- [Exercise objective]: Restate every line of the data word for word, except for the images.

- [Collected material]:
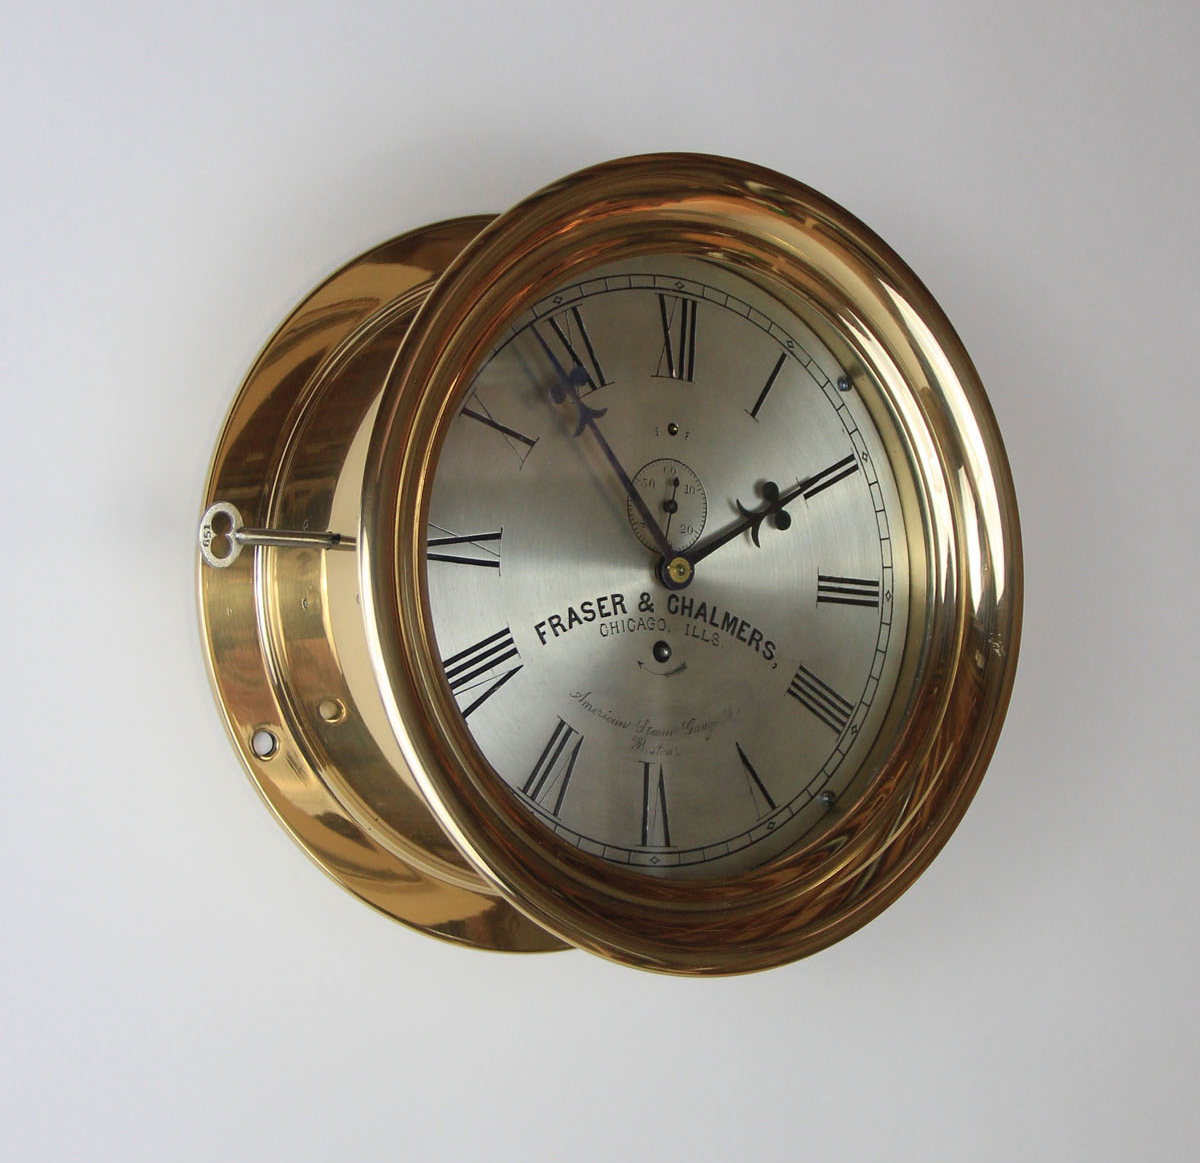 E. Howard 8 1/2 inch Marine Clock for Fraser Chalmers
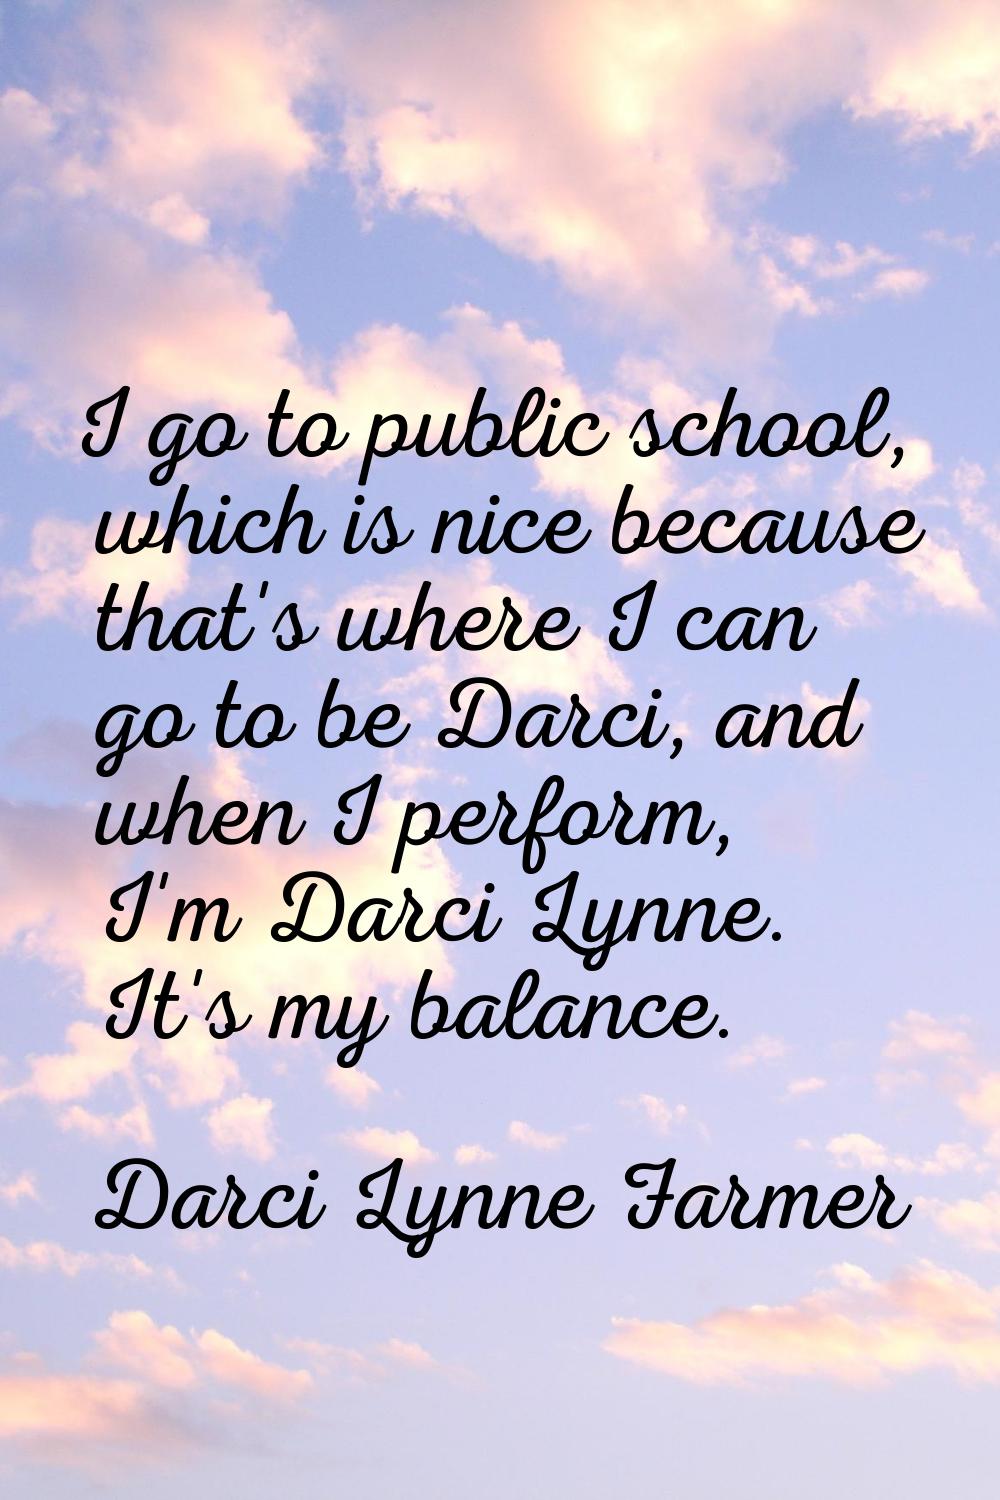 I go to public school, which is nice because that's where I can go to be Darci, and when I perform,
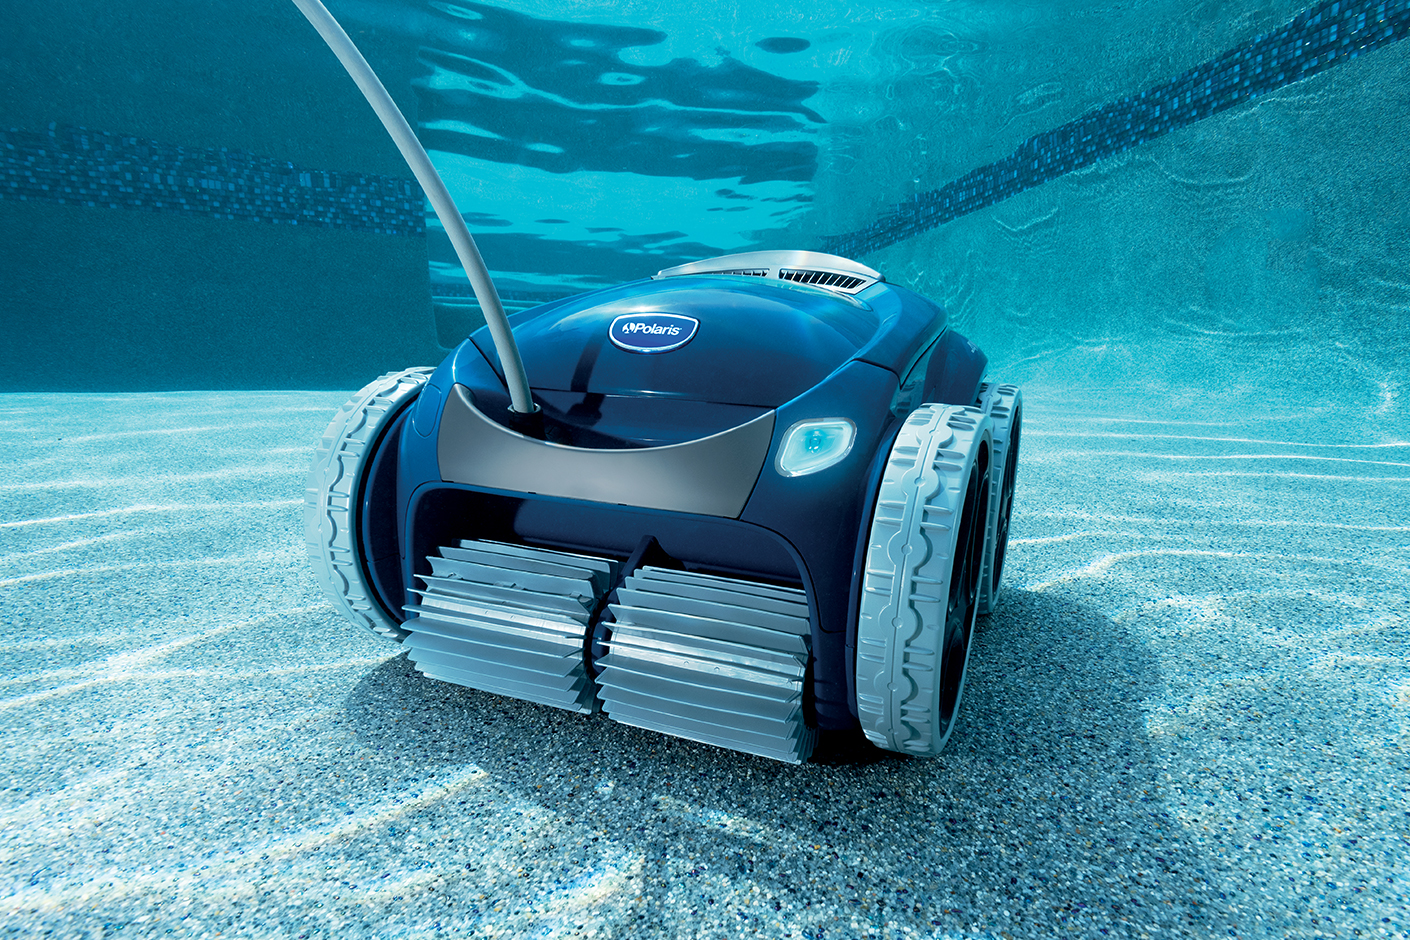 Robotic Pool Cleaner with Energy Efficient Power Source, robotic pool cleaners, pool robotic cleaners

- [Solution]:
 E. Howard 8 1/2 inch Marine Clock for Fraser Chalmers
 I go to public school, which is nice because that's where I can go to be Darci, and when I perform,
 Robotic Pool Cleaner with Energy Efficient Power Source, robotic pool cleaners, pool robotic cleaners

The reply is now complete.